Where defaults are concentrating
The trouble is concentrated in two segments. First, the unsecured, ticket-size-under-Rs-5-lakh business loans that several fintechs scaled aggressively in 2024-2025. The loss rates here are running well above original modelling assumptions - some platforms are reporting 90+ DPD in the high single digits, which makes the unit economics very challenging at the rates they’re charging.
Second, the supply-chain finance segments tied to specific anchor corporates have shown clustered stress when the anchor’s sector turns. A few prominent platforms with concentration in particular industries learned this the hard way through 2025.
The lower-risk segments - secured MSME term loans, GST-data-driven cash flow lending against established businesses, and trade finance with insurance wraps - have performed broadly in line with expectations. The market is bifurcating.
Regulatory signals
The RBI has been clear in its quarterly commentary that it expects digital lending platforms to operate with the same prudential discipline as bank lenders, even when they’re operating as agents or co-lending partners rather than principals. The default-loss-guarantee structure that some platforms used to push portfolio risk back onto originators has been tightened. First-loss positions are now disclosed and treated as on-balance-sheet exposure for capital purposes.
This has changed the economics of platform lending in ways that aren’t fully reflected in published unit economics yet. Several fintechs that grew rapidly under looser interpretations of the rules are now sitting on portfolios that look less attractive once the capital treatment is applied.
The recent guidance on co-lending arrangements has also tightened the requirements around credit decisioning ownership. Platforms that pitched themselves as origination engines for bank balance sheets have to demonstrate genuine credit assessment capability or step back to a pure marketing role.
Where AI is helping and where it isn’t
The conversation about AI in MSME underwriting has matured. Three years ago every pitch deck had a slide about machine learning models that would unlock new credit pools. The reality has been more measured.
AI is genuinely useful for two things in the MSME space - early-warning signal detection on existing portfolios, and automating the document collection and verification workflow. Both produce real cost savings. AI is less useful, in practice, for substituting hard credit data with alternative signals when underwriting genuinely thin-file applicants. The models that promised this haven’t held up well in default cycles.
The platforms doing serious AI work tend to partner with specialist consultancies for the harder modelling and infrastructure pieces. There’s a small but growing ecosystem of Asia-Pacific AI specialists serving Indian financial services, alongside the larger global players.
The 2026-2027 outlook
Three things to watch over the next eighteen months. First, the consolidation among the smaller fintech lenders is going to accelerate as funding markets stay disciplined and unit economics on unsecured MSME lending stay stressed. Expect at least a dozen meaningful acquisitions or wind-downs by year-end.

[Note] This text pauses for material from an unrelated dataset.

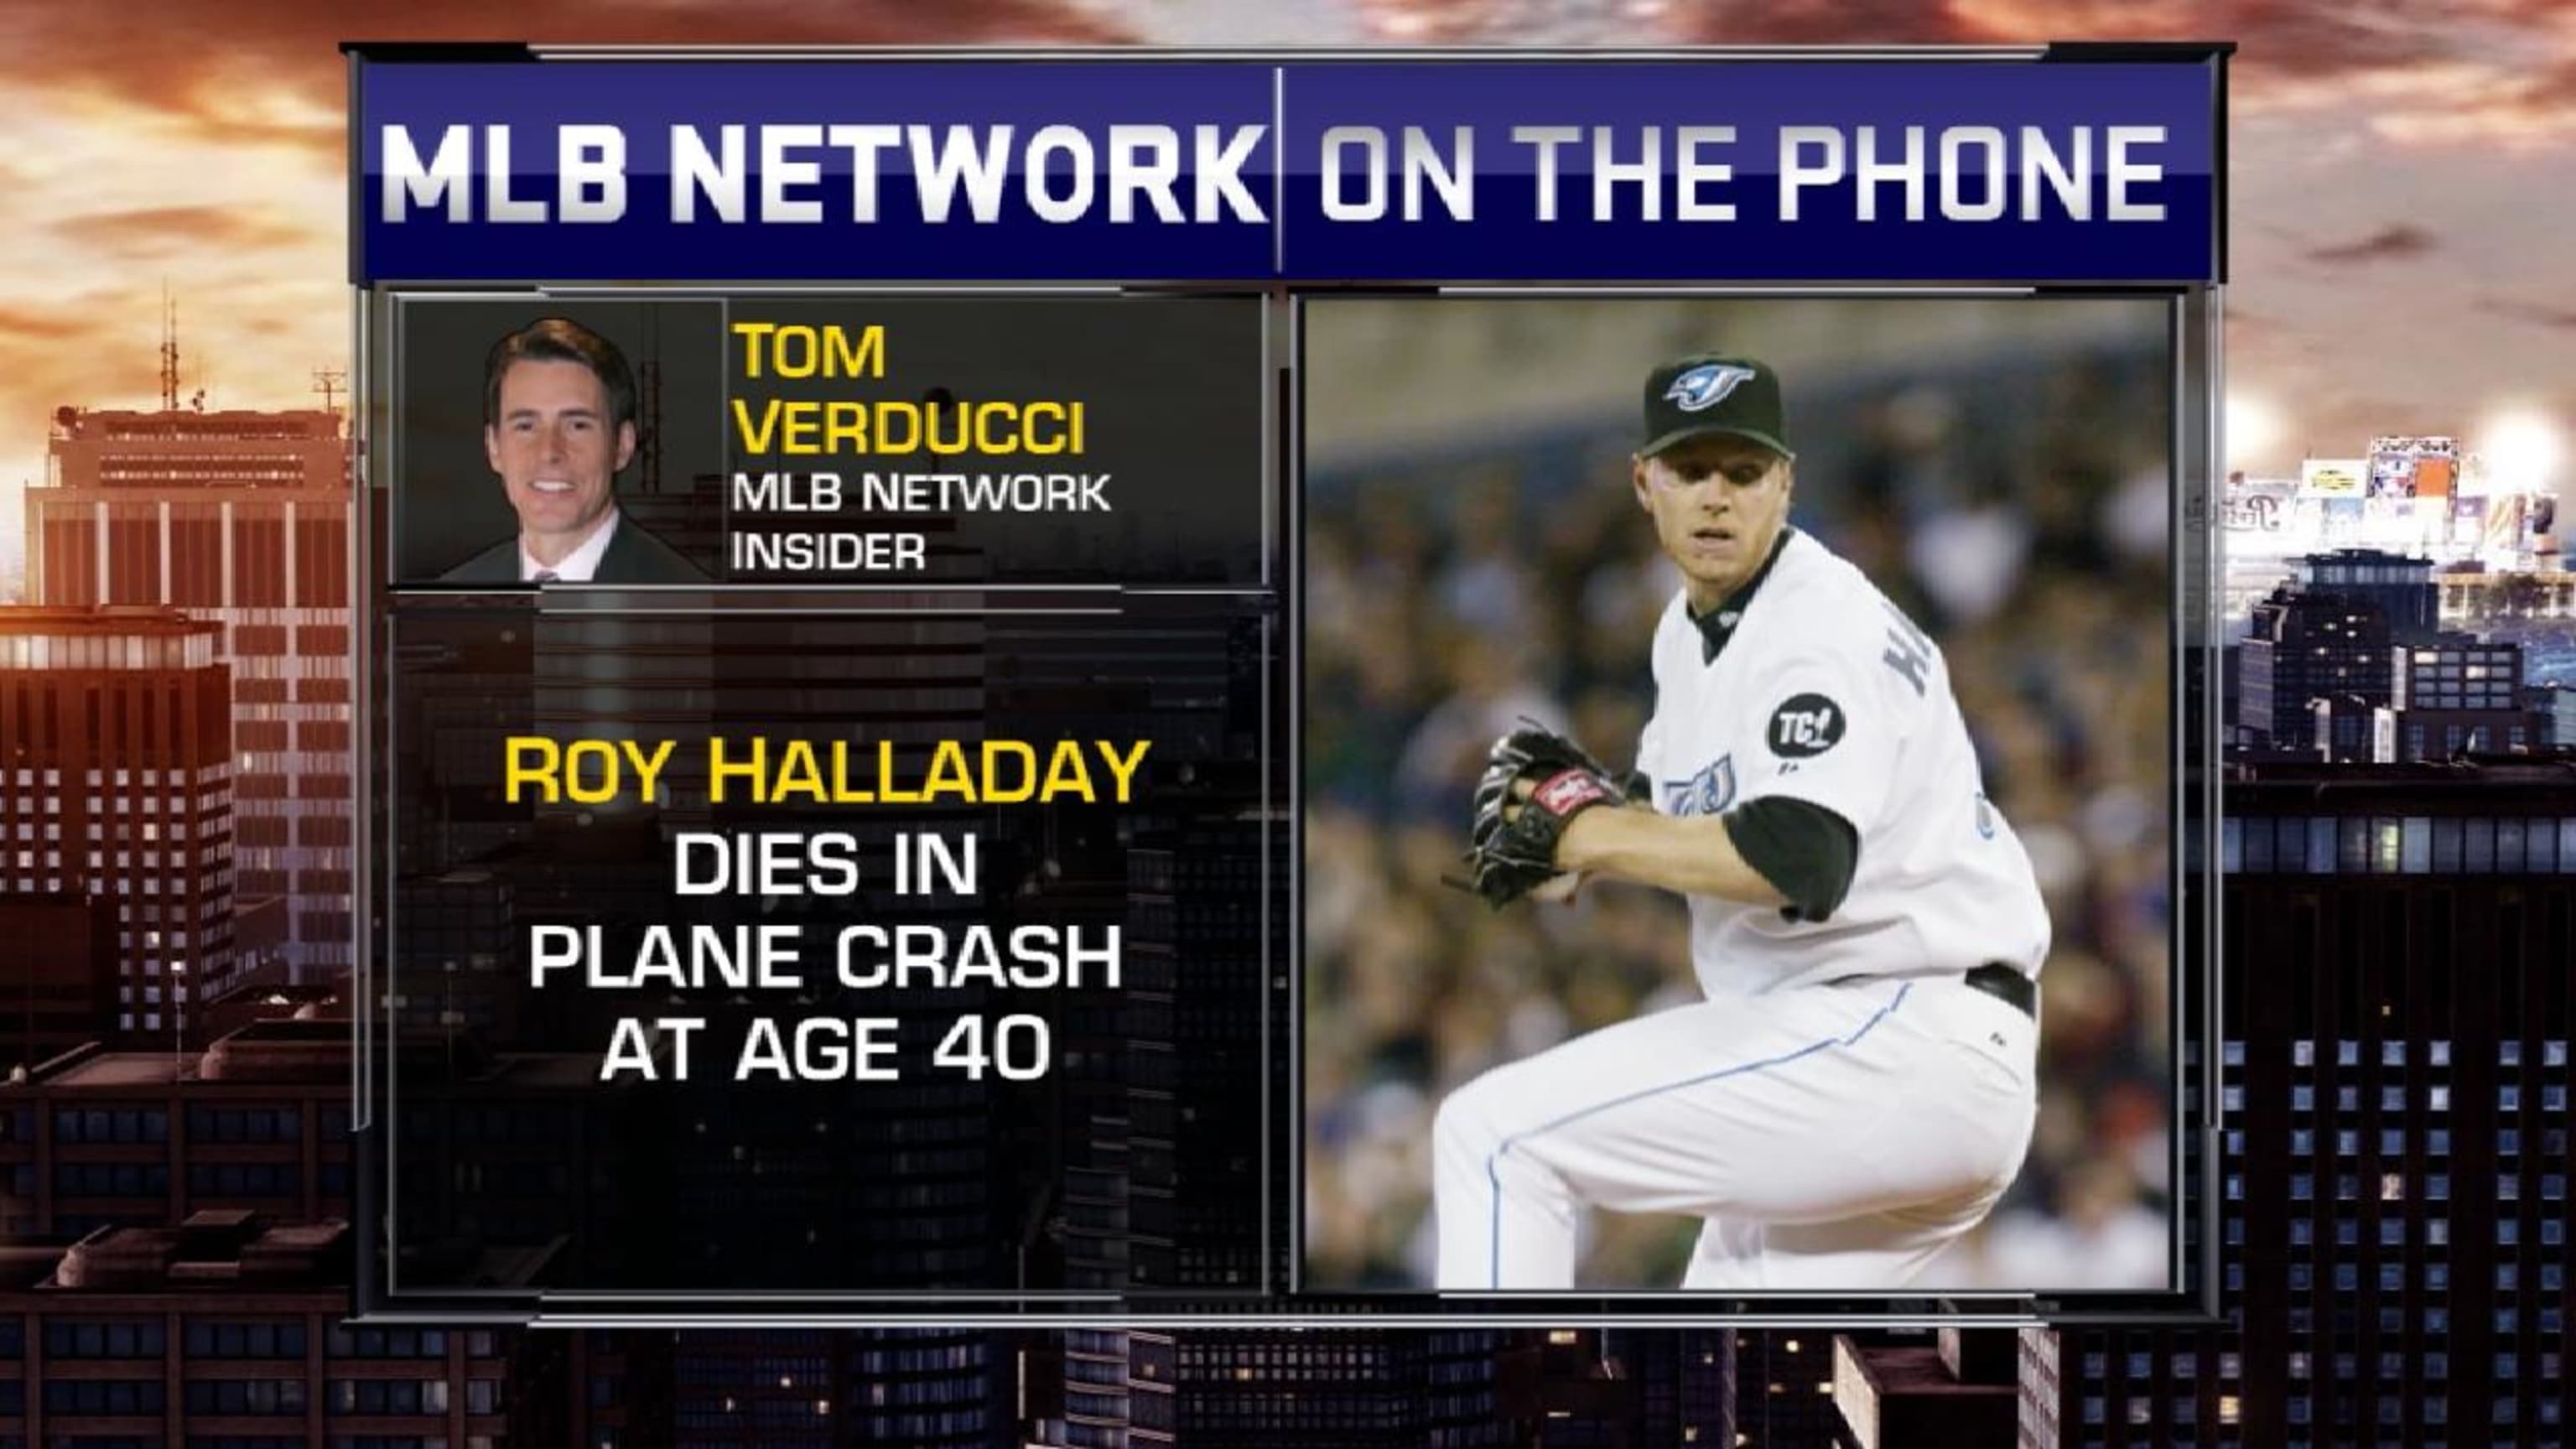 Former Toronto Blue Jays star pitcher Roy Halladay dies in plane crash

Second, the larger platforms with GST-data-driven underwriting at scale are likely to expand into adjacent products - working capital, invoice finance, and embedded credit within ERP platforms. The unit economics here are better.
Third, the regulator’s posture matters more than market dynamics for the next phase. If the current tightening continues, the platforms that survive will be smaller in number, larger in average size, and tightly integrated with bank balance sheets. That’s broadly a healthy direction, even if it’s uncomfortable for the current crop of mid-tier players.